6. It helped break attachments to internet and television. Being forced to spend the occasional evening without the online world or TV gave us some much-needed time to re-evaluate the role that both of those things played in our lives. It made us see where we were over-using them, and forced us to develop new habits for entertainment and relaxation.
7. It improved our health. Studies have shown that our bodies depend on light cues to produce hormones that impact our entire systems, and when we throw them off with too much artificial light in the evening, it can contribute to everything from breast cancer growth to obesity. Though we probably didn’t go without light long enough to have a long-term impact on our health, we did see great short-term benefits. Nighttime snacking was almost entirely cut out, since, oddly, chips and dip by candlelight just didn’t have the same effect. We went to bed earlier, and found that it was easier to fall into deep sleep when we hadn’t been staring at glowing screens right before bed.
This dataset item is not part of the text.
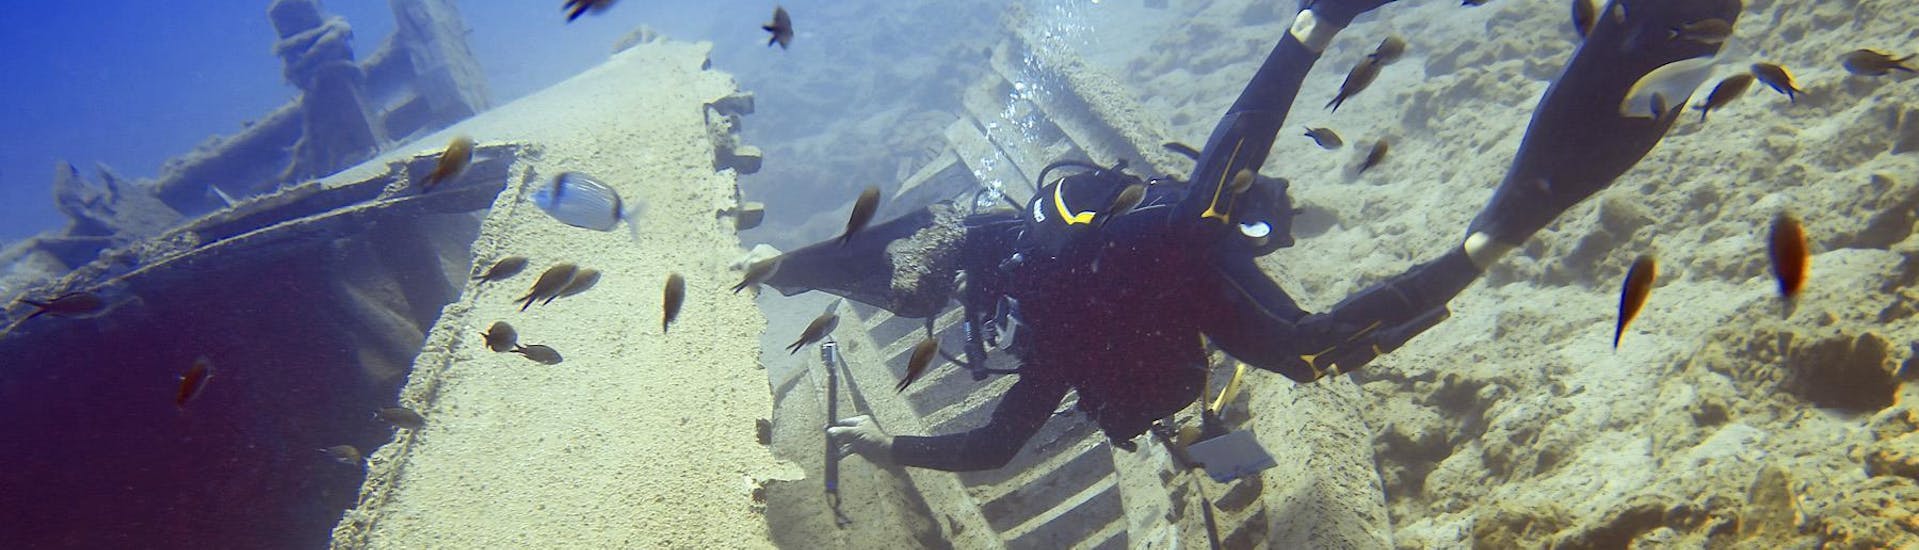 guided-dives-around-agios-nikolaos-bay-for-certified-divers-pelagos-dive-center-crete-hero

8. It made us viscerally aware of our need for God’s providence. Darkness can be scary when you can’t control it. I have rarely felt more powerless than when I would watch the last rays of sun disappear from the sky, knowing that I would be left in darkness that I could not banish at will. A reviewer of the book At Day’s Close: Night in Times Past wrote:
The English called nightfall “shutting-in,” which literally meant the shutting-in of daylight but came to mean “the need for households to bolt portals against the advancing darkness.” All “doors, shutters, and windows were closed tight and latched,” and “seldom was God’s protection more valued than at night.” The fervor with which people prayed was deep and real: They feared violence, fire, death, even the possibility that the next day the sun itself would fail to rise. [emphasis mine]
Electric light gives us the illusion of having control over our lives, and I found going without it to be a stunning reminder of our littleness and powerlessness in the grand scheme of things.
Doing candlelight-only evenings isn’t easy, even when it’s only once a week; most of us have lifestyles that revolve around the availability of artificial light. But if you’re looking for something to add to your Lenten practices that will shake things up and help you see your whole life from a fresh perspective, I highly recommend turning out the lights.